━━ Information ━━
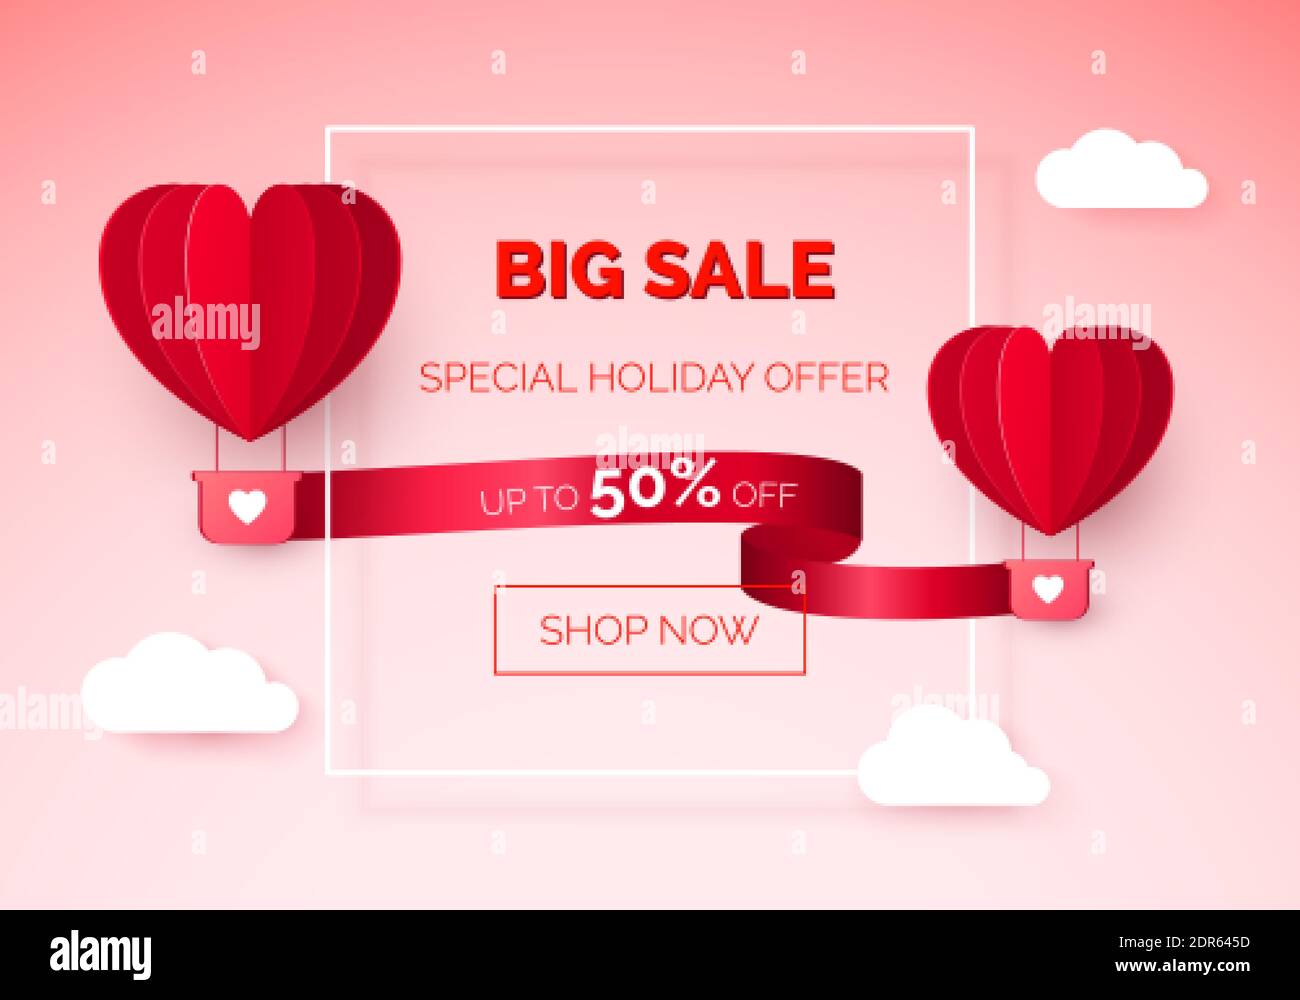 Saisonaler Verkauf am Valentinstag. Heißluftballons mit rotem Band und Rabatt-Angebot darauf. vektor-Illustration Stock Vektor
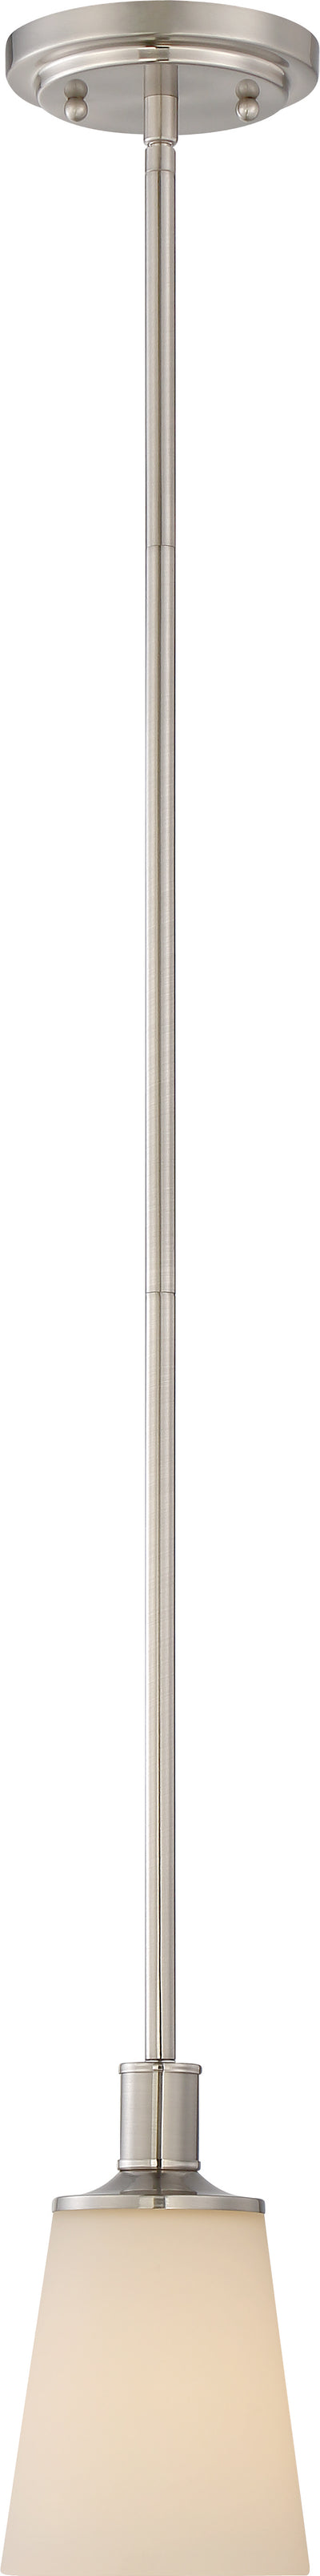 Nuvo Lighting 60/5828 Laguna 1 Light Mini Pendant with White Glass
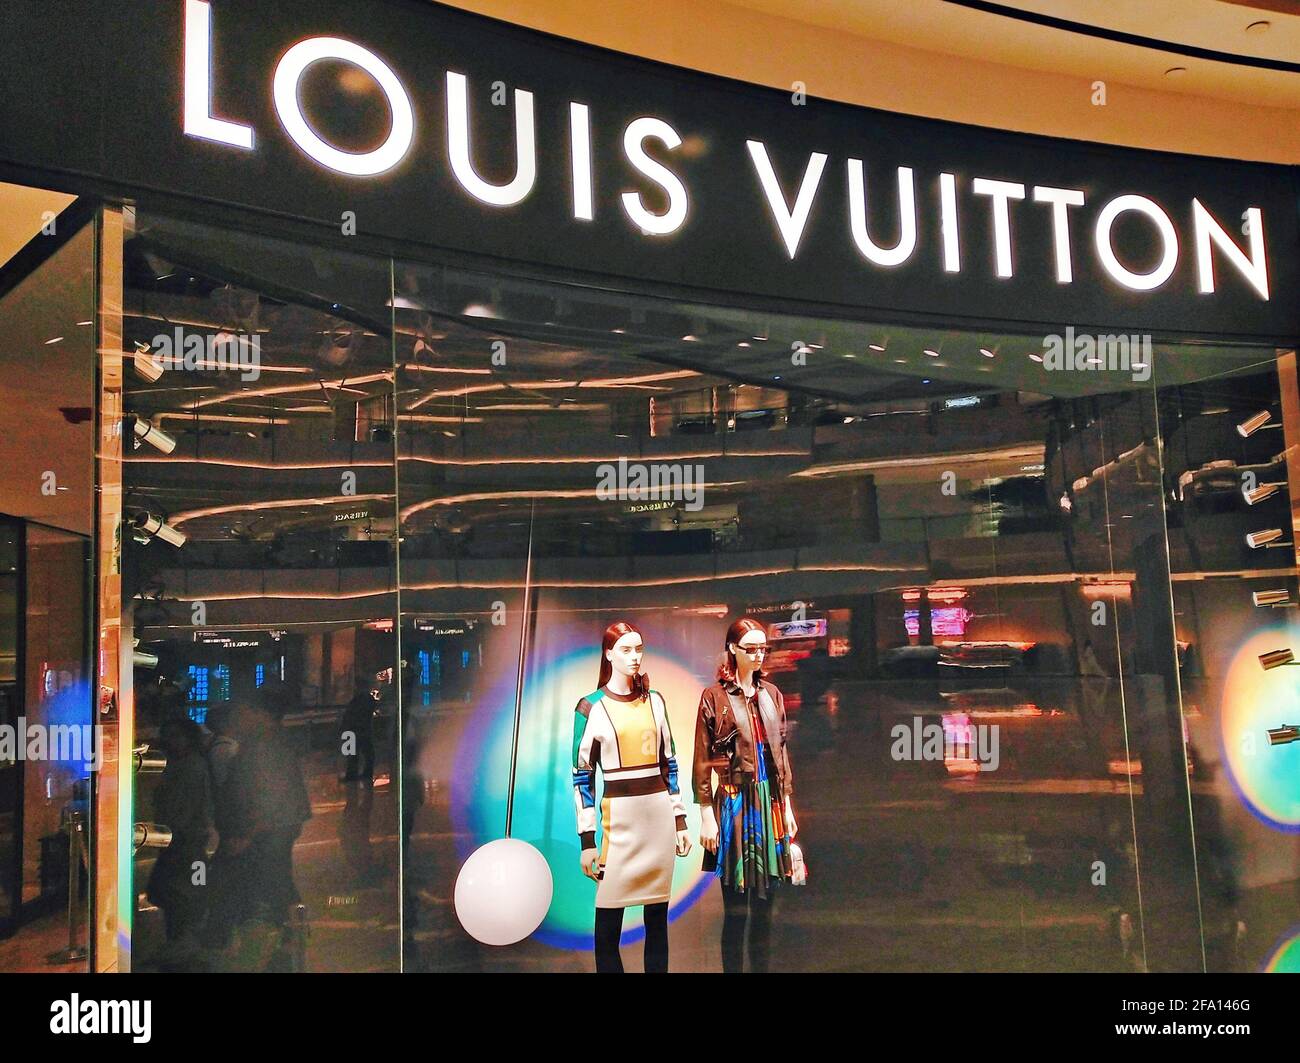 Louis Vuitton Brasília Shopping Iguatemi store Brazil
━━━
━━ Information ━━
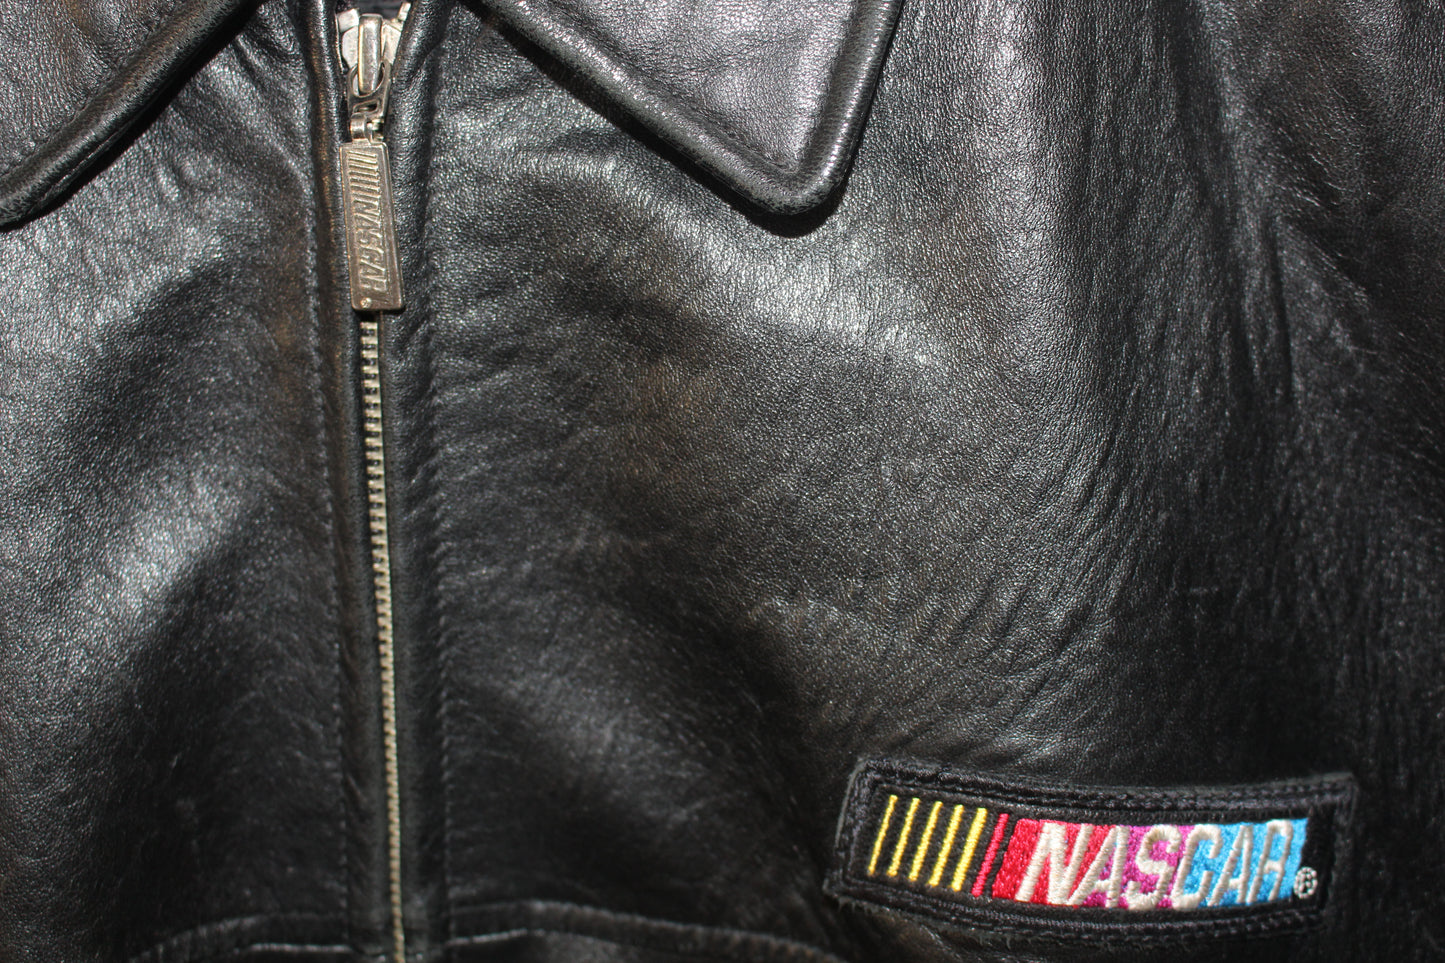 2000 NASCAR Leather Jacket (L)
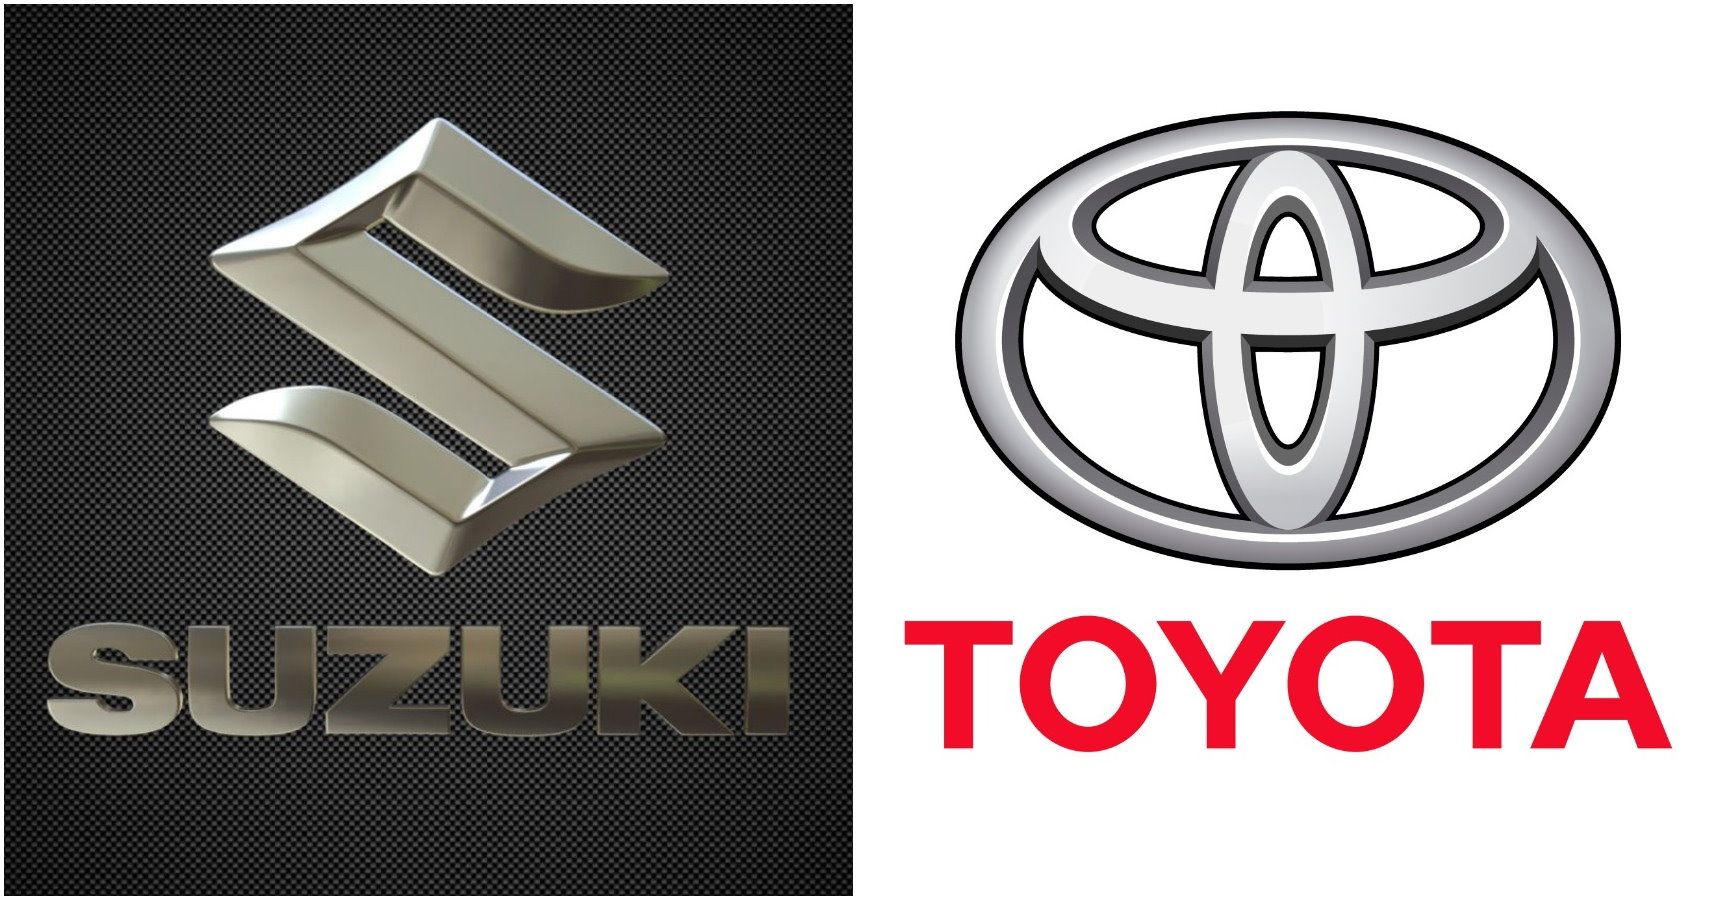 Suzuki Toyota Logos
━━━
━━ Information ━━
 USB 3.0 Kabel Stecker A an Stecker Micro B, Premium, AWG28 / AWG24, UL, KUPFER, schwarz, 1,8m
━━━
*What to work on*
All that is wanted is the lines above between the one containing "Saisonaler Verkauf am" and the one containing "Louis Vuitton Brasília", inclusive, restated word for word, with pictures omitted.

*Reply to the task*
 Saisonaler Verkauf am Valentinstag. Heißluftballons mit rotem Band und Rabatt-Angebot darauf. vektor-Illustration Stock Vektor
 Nuvo Lighting 60/5828 Laguna 1 Light Mini Pendant with White Glass
 Louis Vuitton Brasília Shopping Iguatemi store Brazil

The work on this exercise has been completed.